PCI – DSS and Cardholder Security
The Payment Card Industry Data Security Standard (PCI DSS) was formed in 2004 by Visa, MasterCard, Discover Card and American express with the goal of creating a set of policies and procedures to enhance the security of credit, debit and cash transactions as well as protect cardholder information. The PDC DSS has set forth six major objectives:
- A secure network must be maintained in which transactions can be conducted. 2 – Cardholder information must be protected and secure wherever it is stored.
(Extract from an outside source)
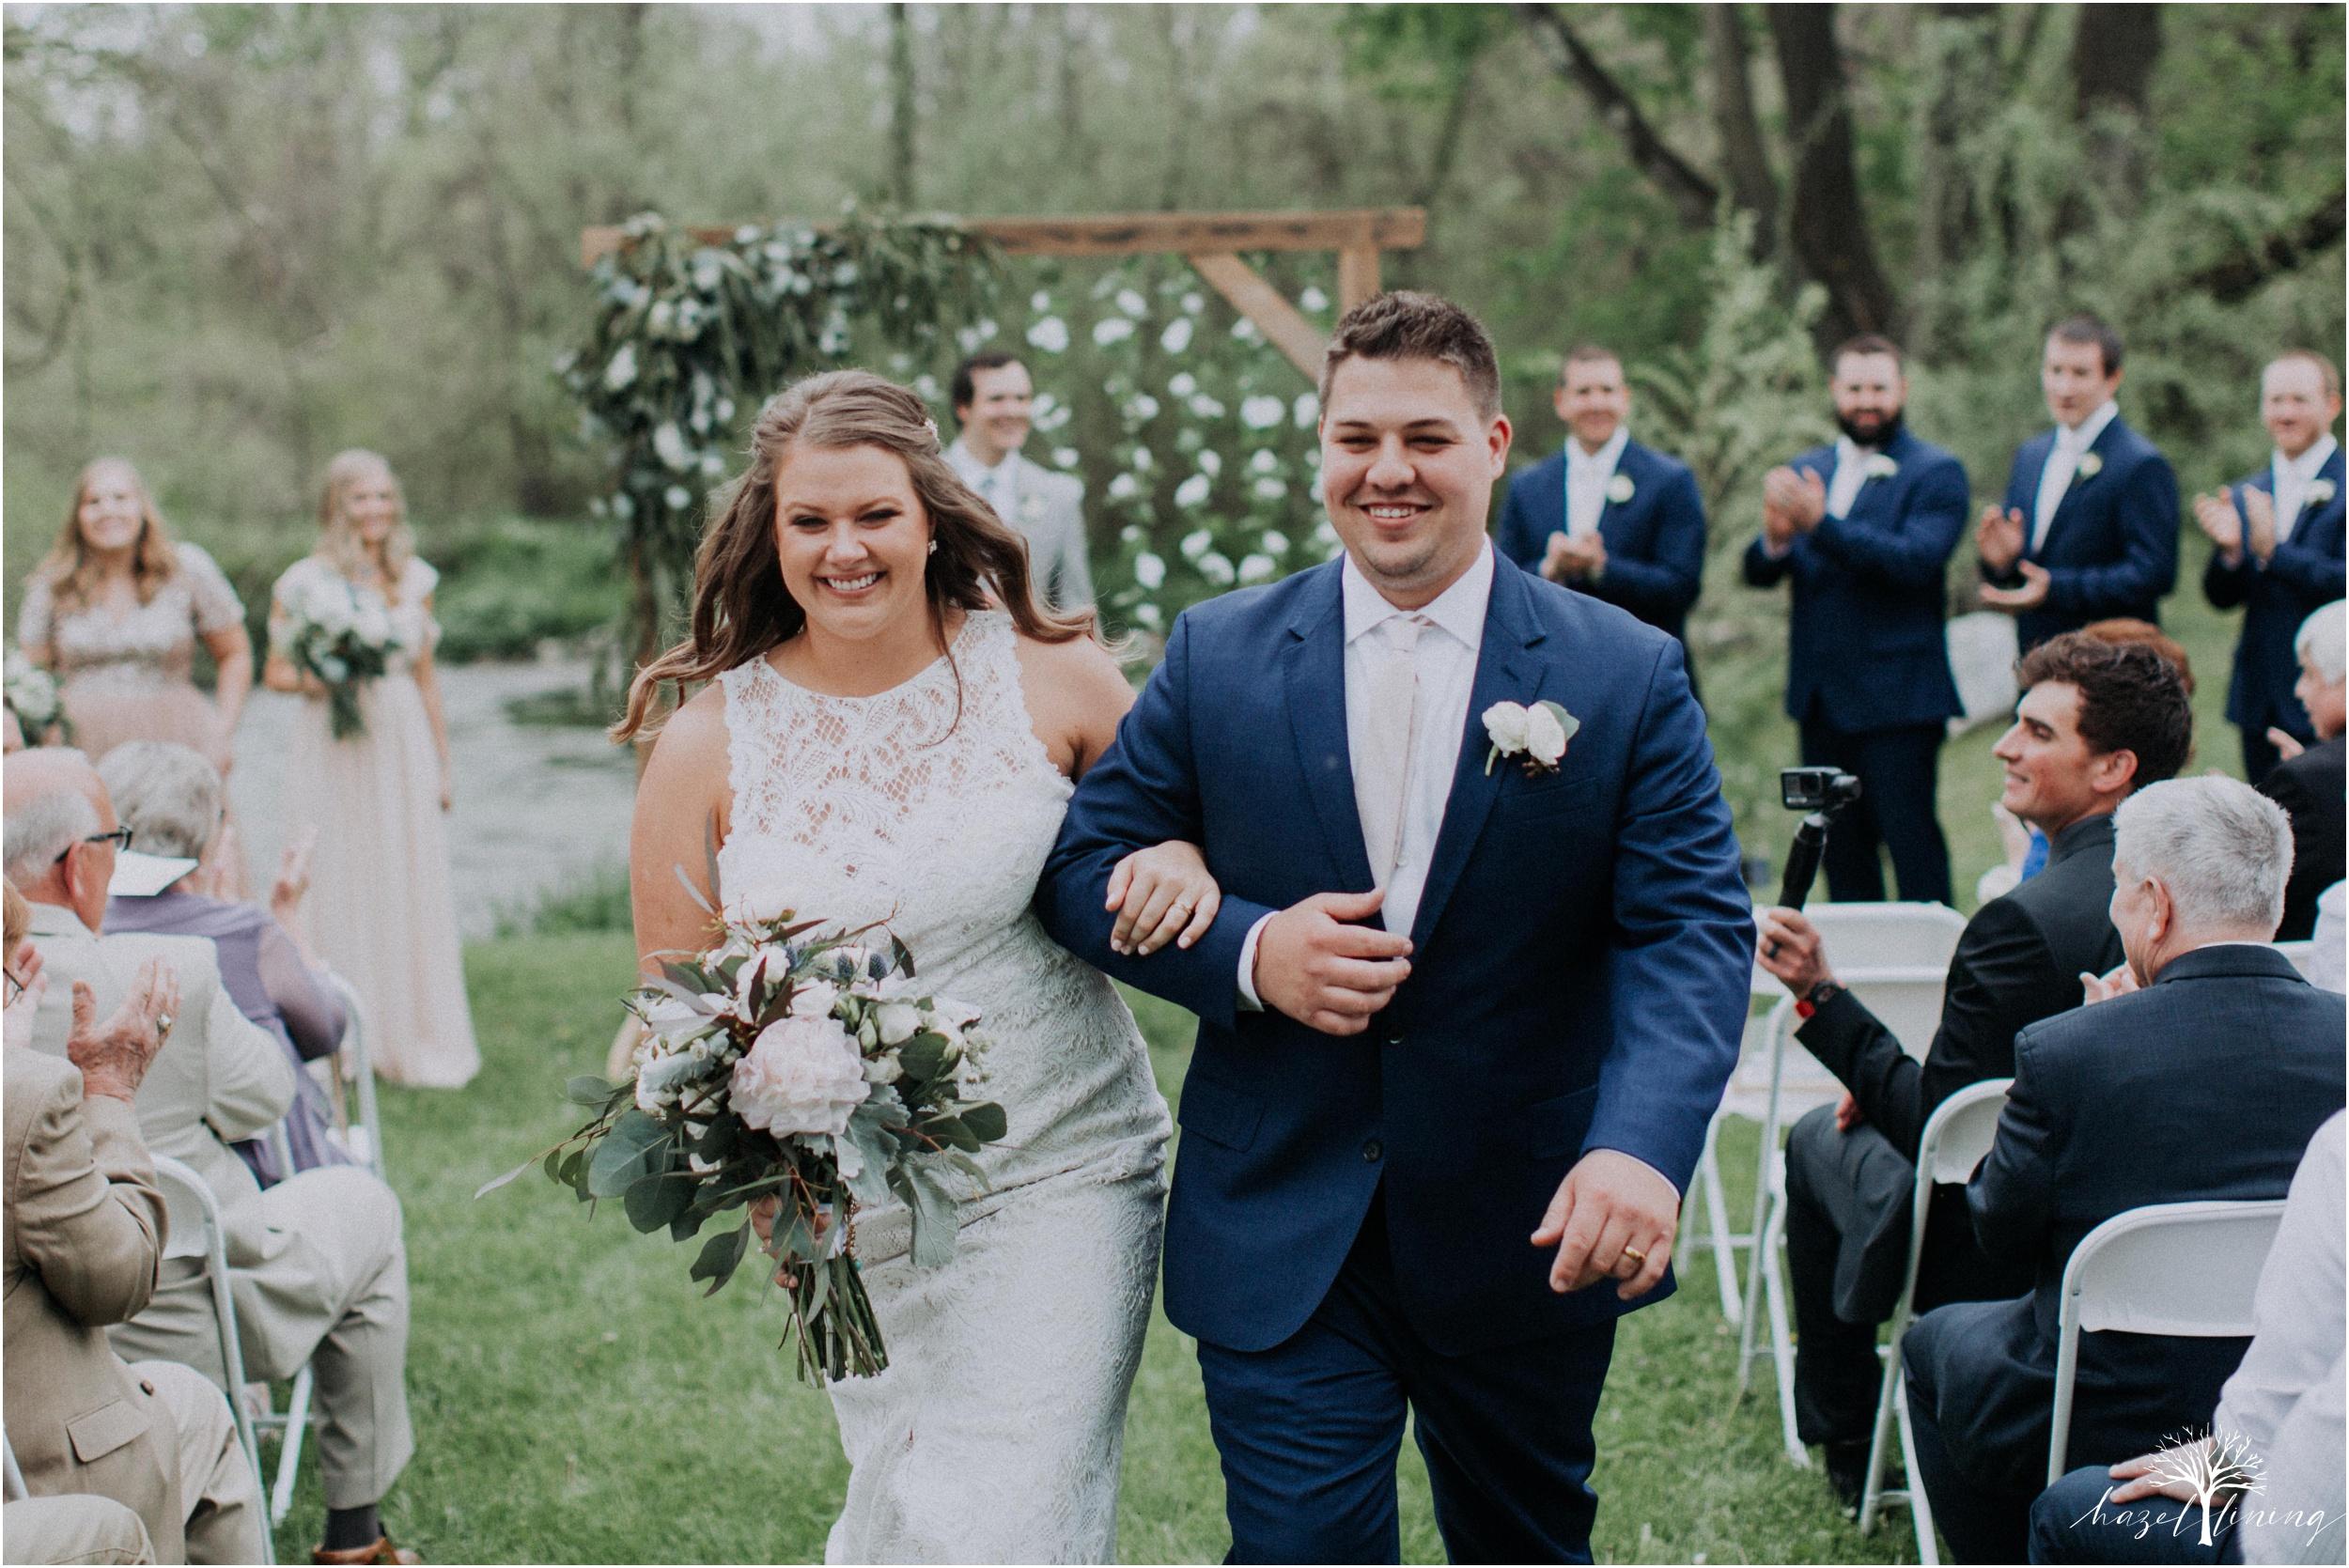 hazel-lining-travel-wedding-elopement-photography-abby-skyler-hunt-the-willis-house-york-pennsylvania-outdoor-estate-wedding_0095.jpg

- Systems should be protected against the activities of malicious hackers by using frequently updated anti-virus, anti-spyware programs, and other anti-malware solutions.
- Access to system information and operations should be restricted and controlled.
- Networks must be constantly monitored and regularly tested to ensure that all security measures and processes in place, are functioning properly, and are kept up to date.
- A formal information security policy must be defined, maintained, and followed at all time and by all participating entities.
By complying with PCI DSS regulations merchants are protected against law suits from Visa, MasterCard, Discover Card and American Express in the event that card holder information is obtained and misused by persons other then the card holder.
Though PCI DSS has been set in place, the ultimate responsibility rests with the merchant. It is up to the merchant to maintain compliance with PCI DSS regulations, maintain a secure network and maintain a company security policy to protect against cardholder information theft.